It’s getting more and more common to see filmmakers using gimbals, sliders, and whatnot to stabilize the movement of their camera while shooting. These systems have become more advanced with every new iteration, but sometimes you just don’t have a stabilizer at your disposal, or you simply don’t need to use one at all.
There has been an ad from Beats recently that has been all the rage over the internet, forums, socials, etc. That’s because it uses an advanced software stabilization technique to create a wonderful visual effect. Now, Jordy Vandeput of Cinecom.net will explain to us how to recreate a similarly fascinating and powerful shot by revealing the post-production workflow in the video below.
Did you see the commercial? It was shot having athletes running and doing sports while the earpiece they wore was stabilized at the middle of the shot. The effect of seeing the object staying still in the middle while the whole world moved around was indeed amazing.
Now you don’t need obviously a Beat earpiece, but if the object you plan to use is something that stands apart from its surroundings, you’ll be on the right track. In this case, Jordy and his team decided to opt for a white earpiece to recreate the effect.
Step one: motion blur. This is one of the most important things you should take care of in advance. The less motion blur is present the better it will be for the tracker to work, so crank up your shutter speed at the maximum level possible for your set.
You need to understand that stabilizing the image around an element will mean that the software will need to rotate and crop the frame in all directions, so the bigger the frame, the better.

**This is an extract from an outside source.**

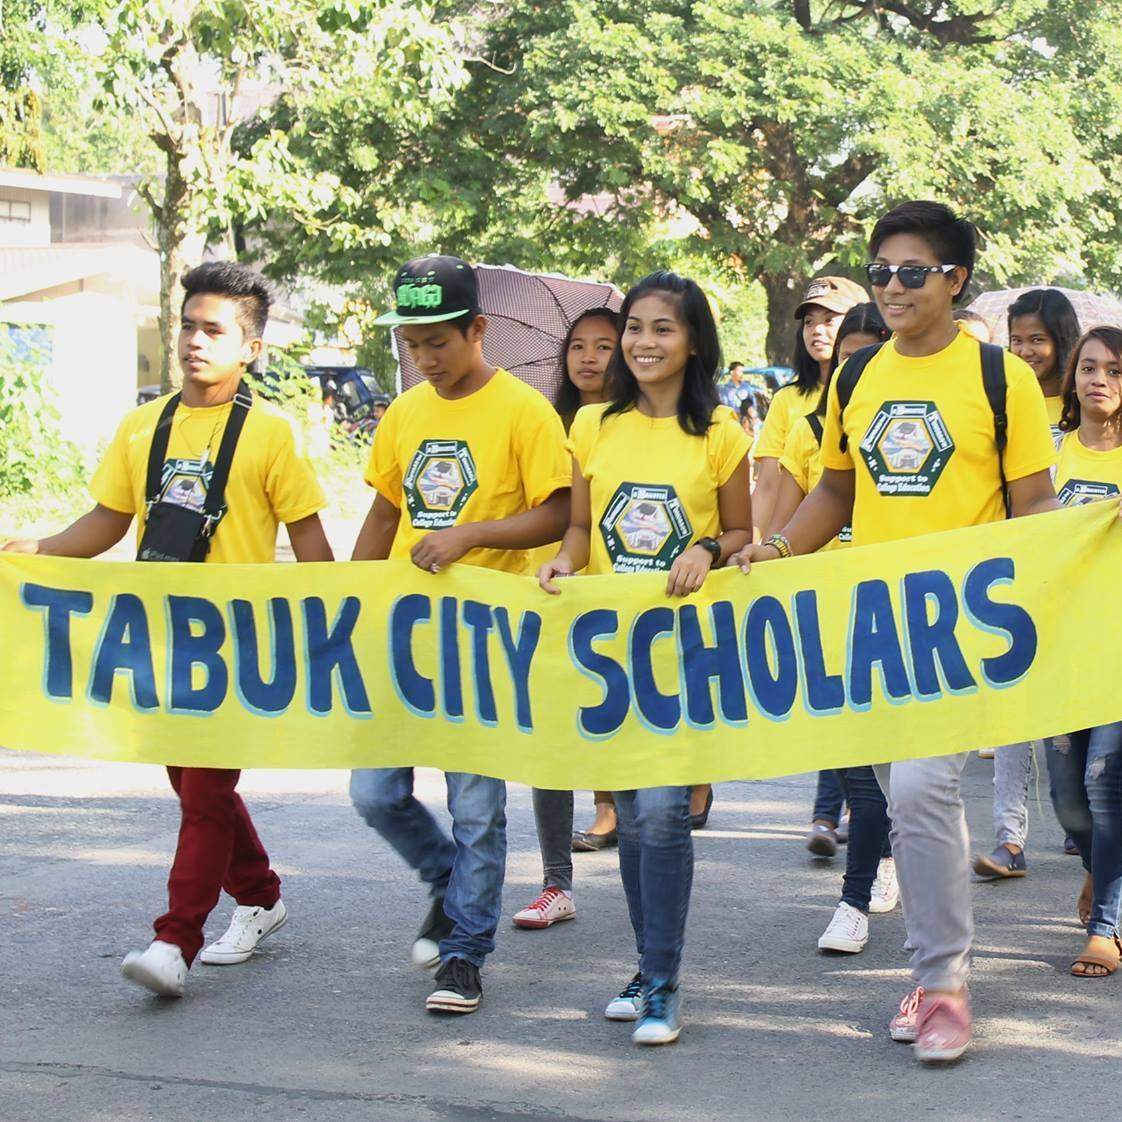 Tabuk City Scholars

If you are delivering in HD shoot in 4K, if the delivery is in 4K try and shoot in 5 or 6K, otherwise you’ll have to scale a lot the final footage loosing a lot of quality and changing the composition too, so frame the image much larger than you’d like the final result to be.
Using a crosshair or the grid from your viewfinder can help to keep the subject in place. The less you make the subject move to begin with, the less the software will have to crop afterward.
One easy solution is to shoot with a gimbal and place the crosshair right on the element that will be at the center of the frame. Ok, once you’ve captured the shot, head over to After Effects, make a new comp with the footage and open the Tracker. You can enable the latter in the “window” dropdown menu.
Stabilize Motion will give you a tracking point. How does it work, though? The larger square is the area where the software will be looking for the subject, the smaller square will be the object itself.
Meanwhile, the more the subject moves across the frame during the shot, the more you’ll have to expand the search area. In the options, you can decide to set the tracker to Stop Tracking if it’s having trouble finding the subject. If you leave Adapt Feature set, it will try to find it anyway, leading sometimes to sub-optimal results. Once finished tracking click Apply to see the magic happen.
Voila! The stabilization is done. Just zoom a little bit to leave out the border of the frame and you have you’re stabilized “Beats effect” clip. A last note: if the subject disappears from the frame for some reason (i.e. in for the earpiece, the talent turns the head), you can either increase the area of tracking, or use the plugin of Mocha Pro instead.
This is a paid option, but you can use the software to track and then import the tracking data back to After Effects. It’s definitely a faster workflow, so you can simply go for the free trial and decide on the fly if it’s worth the upgrade.
There you have it. Now it’s your turn to come up with some creative ways to use this technique!